She was the original choice to star in this commercial, but the Mazola company went in another direction right before it was shot.
by Anonymous | reply 90 | February 17, 2024 6:23 PM |
Carol Channing appealed enormously to groovy hippies like Tommy Tune.
by Anonymous | reply 91 | February 17, 2024 6:28 PM |
I knew her son from college. He became an editorial cartoonist.
by Anonymous | reply 92 | February 17, 2024 10:03 PM |
Were they close?
by Anonymous | reply 93 | February 17, 2024 10:08 PM |
Her son, Channing Carson, was a product of her second marriage, not the gay husband.
by Anonymous | reply 94 | February 17, 2024 10:20 PM |
R66 was she usually happy and on? She seems so in every pic.
by Anonymous | reply 97 | February 17, 2024 11:21 PM |
She had a feud with LA CBS critic David Sheehan. He did a review of "Lorelei" (he hated it) and then introduced Carol for an interview. Carol blasted him in the LA Times and then Sheehan returned the favor whenever she appeared in LA. She was at the Greek Theater with George Burns and after saying how great Burns was, he said Carol Channing was also there and he wasn't even going to play her tape because he was sure she was embarrassed enough.
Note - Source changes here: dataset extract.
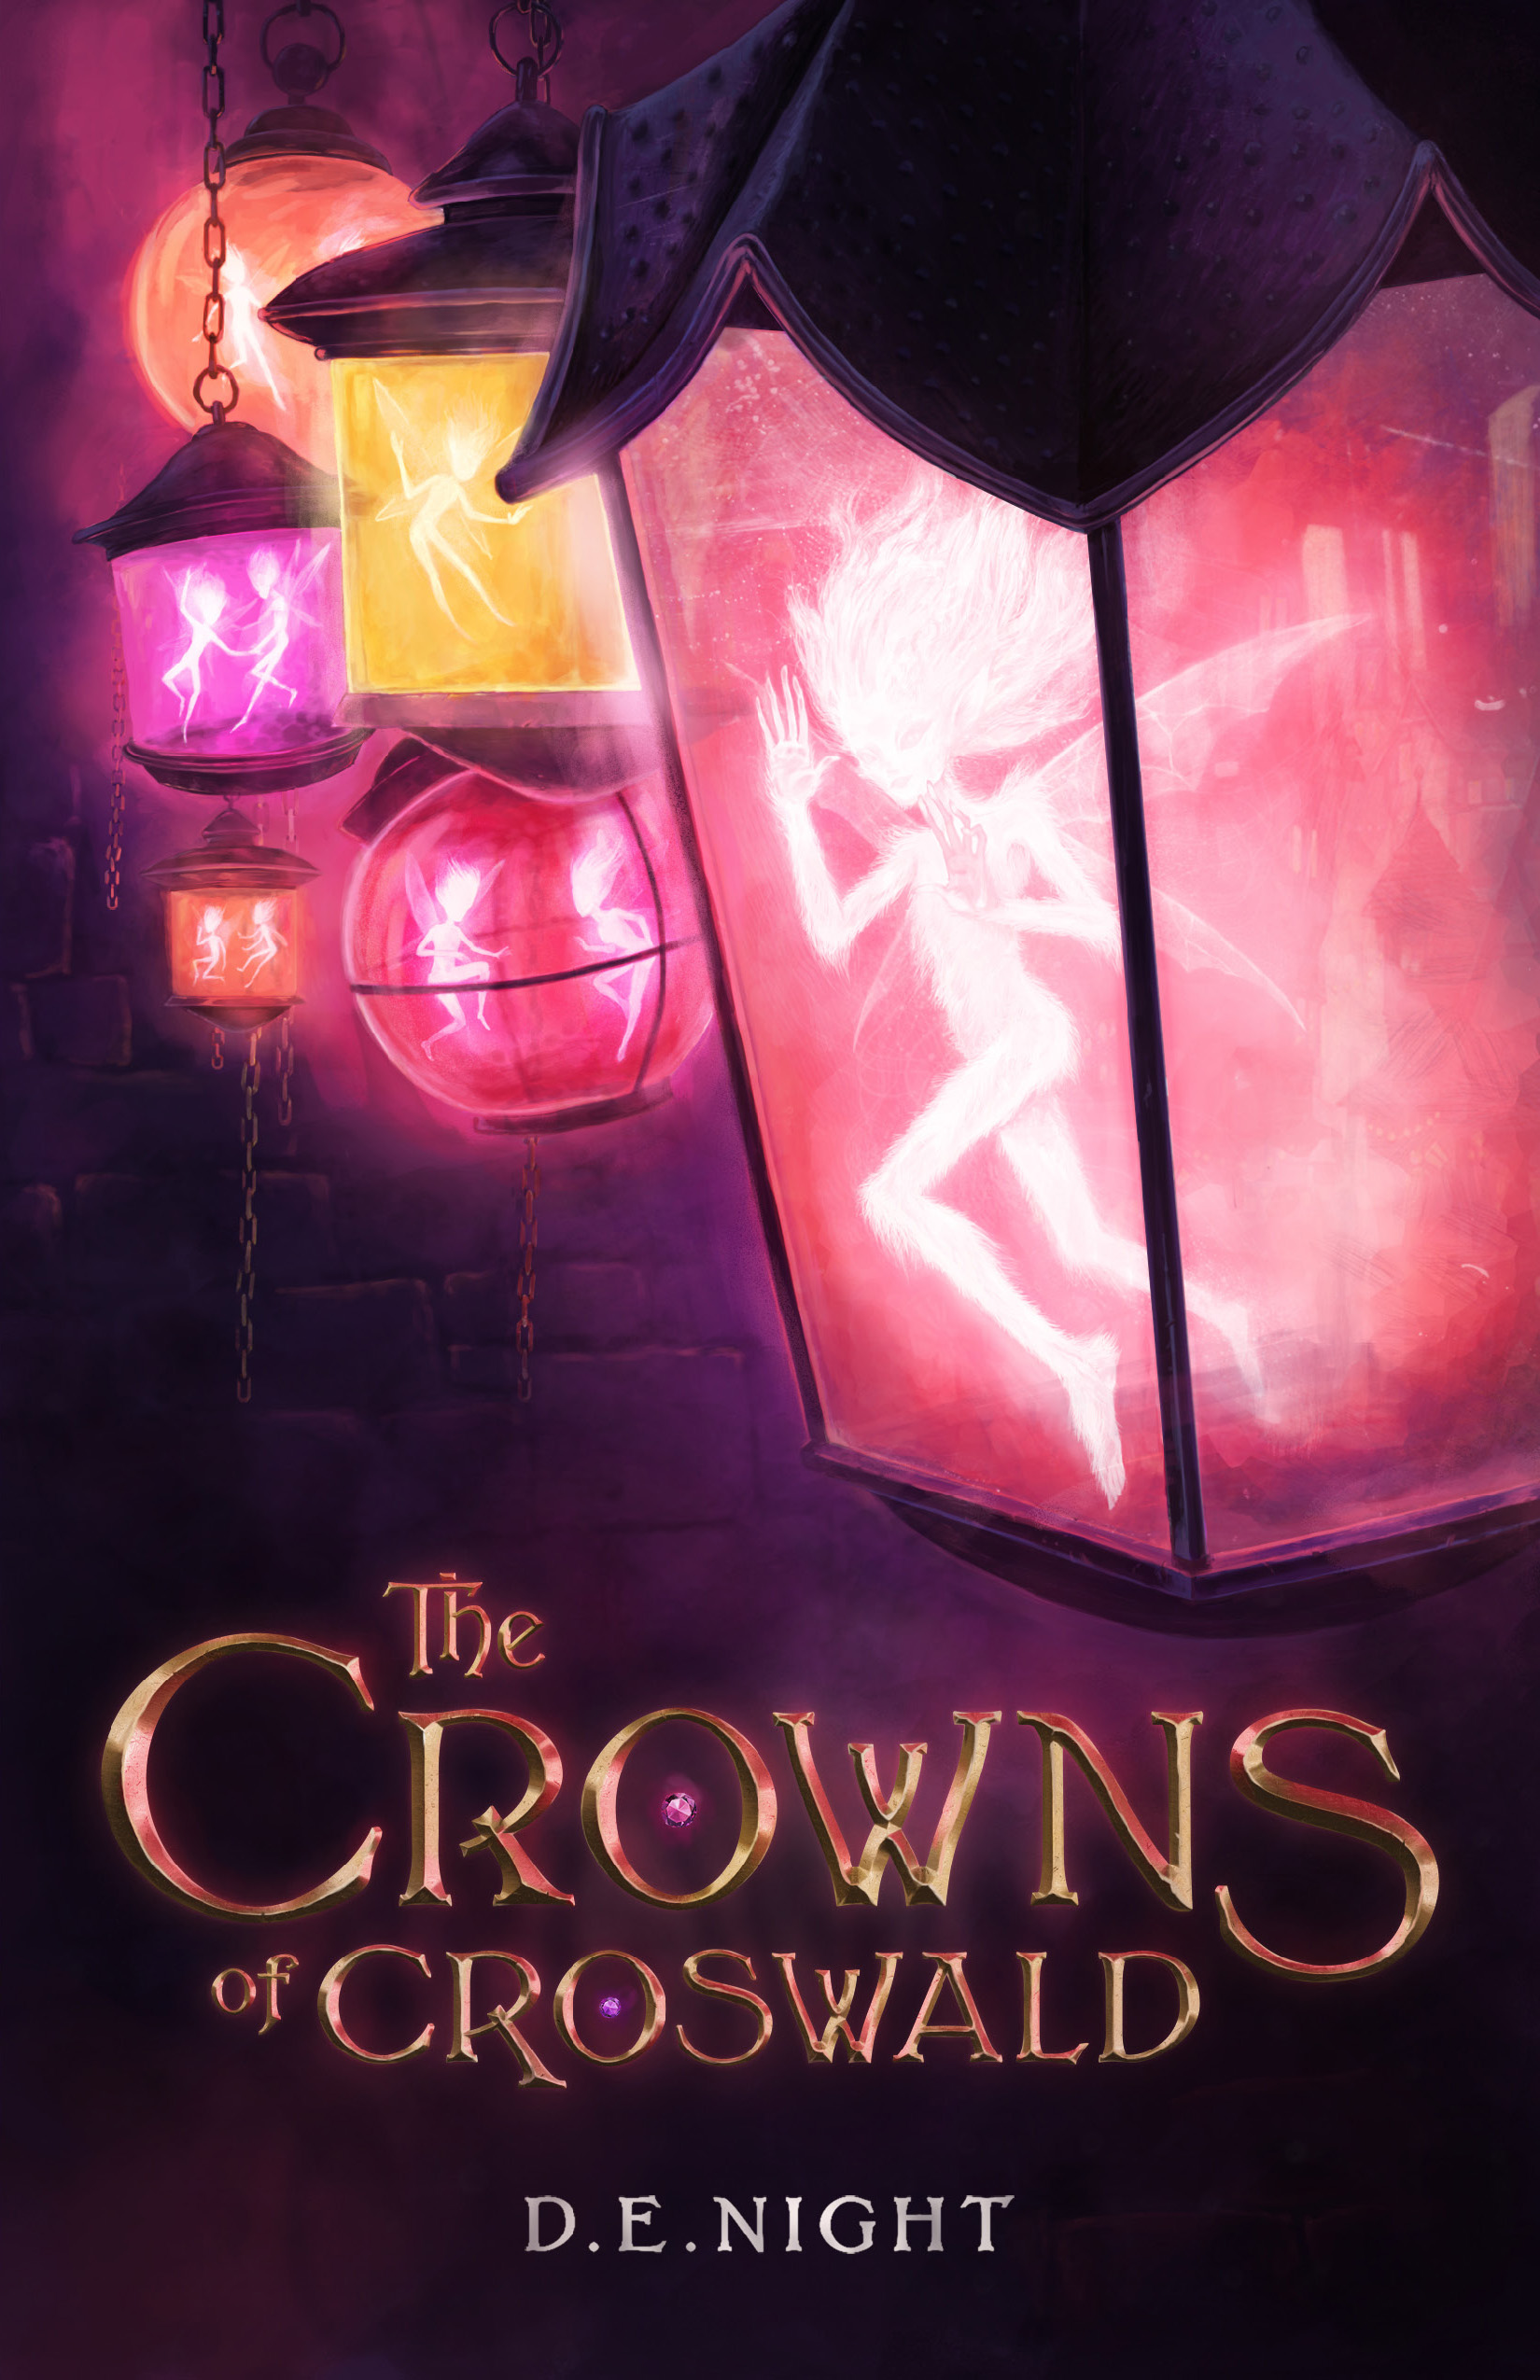 #CrownsOfCroswald #book #ad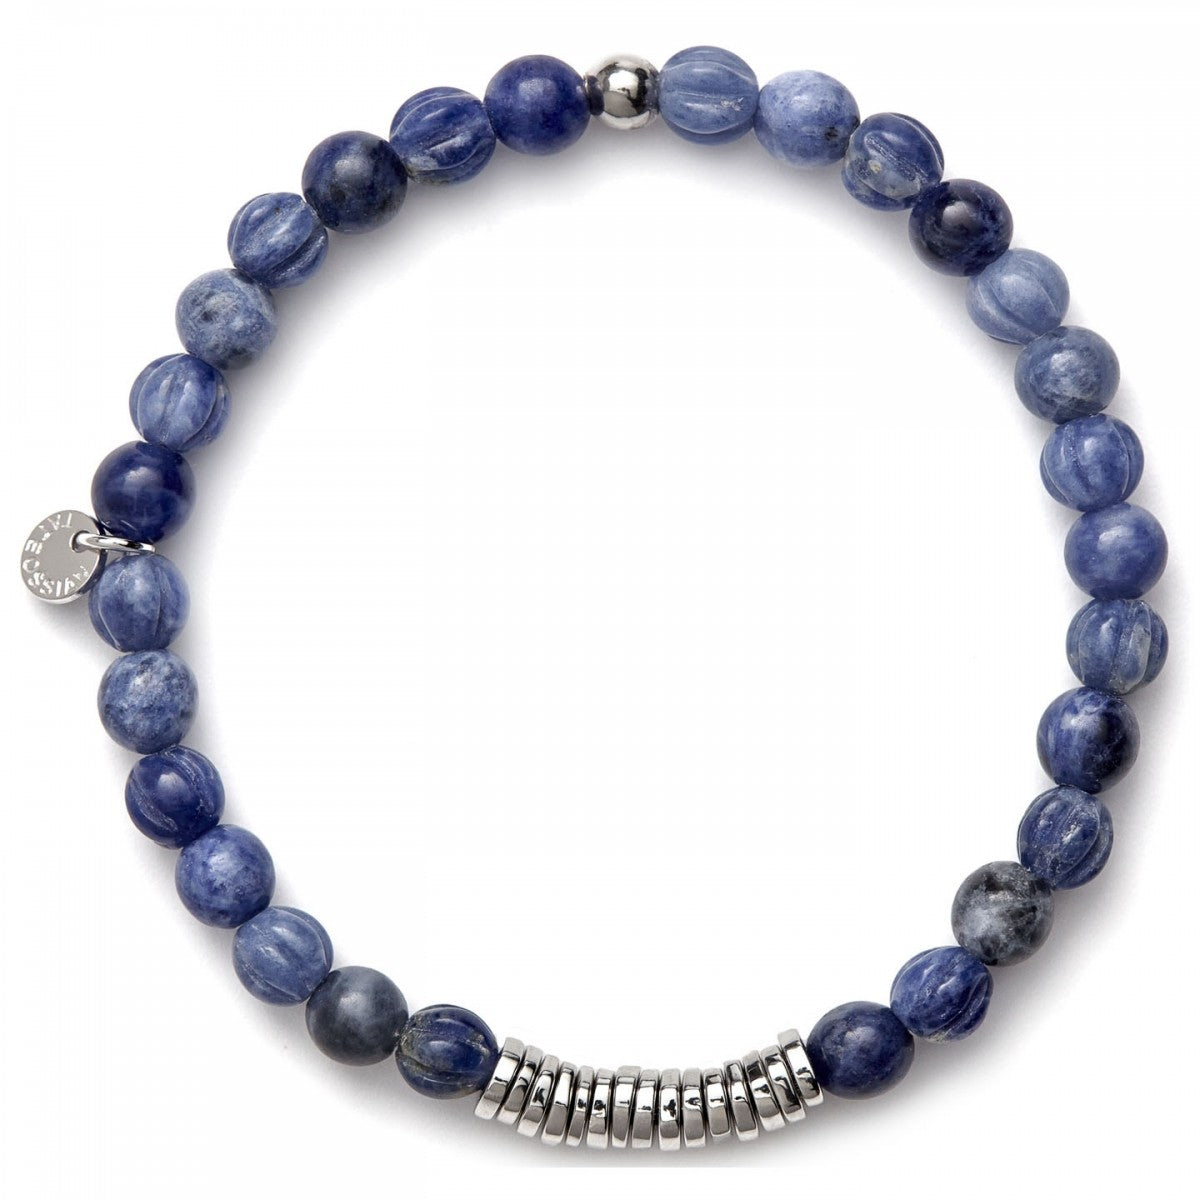 Tateossian Men's Indigo Bracelet, Blue Sodalite Beadeds with Silver Spacer Discs

by Anonymous | reply 98 | February 18, 2024 12:08 AM |
[quote]Her son, Channing Carson, was a product of her second marriage, not the gay husband.
At school he was known as Channing (Chan) Lowe, his stepfather's surname.
by Anonymous | reply 99 | February 18, 2024 2:18 AM |
[quote]Can someone explain Carol Channing?
I don't know. I've never carol channed.
by Anonymous | reply 100 | February 18, 2024 2:30 AM |
The OP photo of her reminds me of how her look and photographs in that timeframe made her seem to me like a white version of Diana Ross during her late-1960s Supremes era.
by Anonymous | reply 101 | February 18, 2024 2:51 AM |
R94 He was her biological child by her first husband, but the gay second husband adopted him. Carol said her second husband had sex with her only one time during their long marriage. Does that make him bisexual or just not gold star?
by Anonymous | reply 102 | February 18, 2024 3:13 AM |
He was the biological child of her second husband, R102. She was married four times.
by Anonymous | reply 103 | February 18, 2024 4:30 AM |
[quote] Can someone explain Carol Channing?
No, it’s an unexplainable phenomenon. You just have to suspend disbelief and go with it.
by Anonymous | reply 104 | February 18, 2024 4:58 AM |
Mid-century Broadway borrowed the star system of Hollywood, where the important thing wasn't the best voice or the greatest looks but to be instantly recognizable. Uniqueness was valued far above talent. And in that nobody was more successful than Carol Channing.
by Anonymous | reply 105 | February 18, 2024 5:03 AM |
Nobody looked like her, nobody sang like her, nobody danced like her. Of course they took this too far (Timothy Leary, e.g.) and when it spilled into commercials it was pretty much over. But for the period she was the textbook example of what a star should be.
by Anonymous | reply 106 | February 18, 2024 5:05 AM |
Carol looked younger than her daughter Stockard.
by Anonymous | reply 107 | February 18, 2024 5:09 AM |
[quote] Carol looked younger than her daughter Stockard.
OMG, they’re related?
by Anonymous | reply 108 | February 18, 2024 5:22 AM |
R103 My mistake. I thought she was married 3 times. I know she married her high school sweetheart at the end.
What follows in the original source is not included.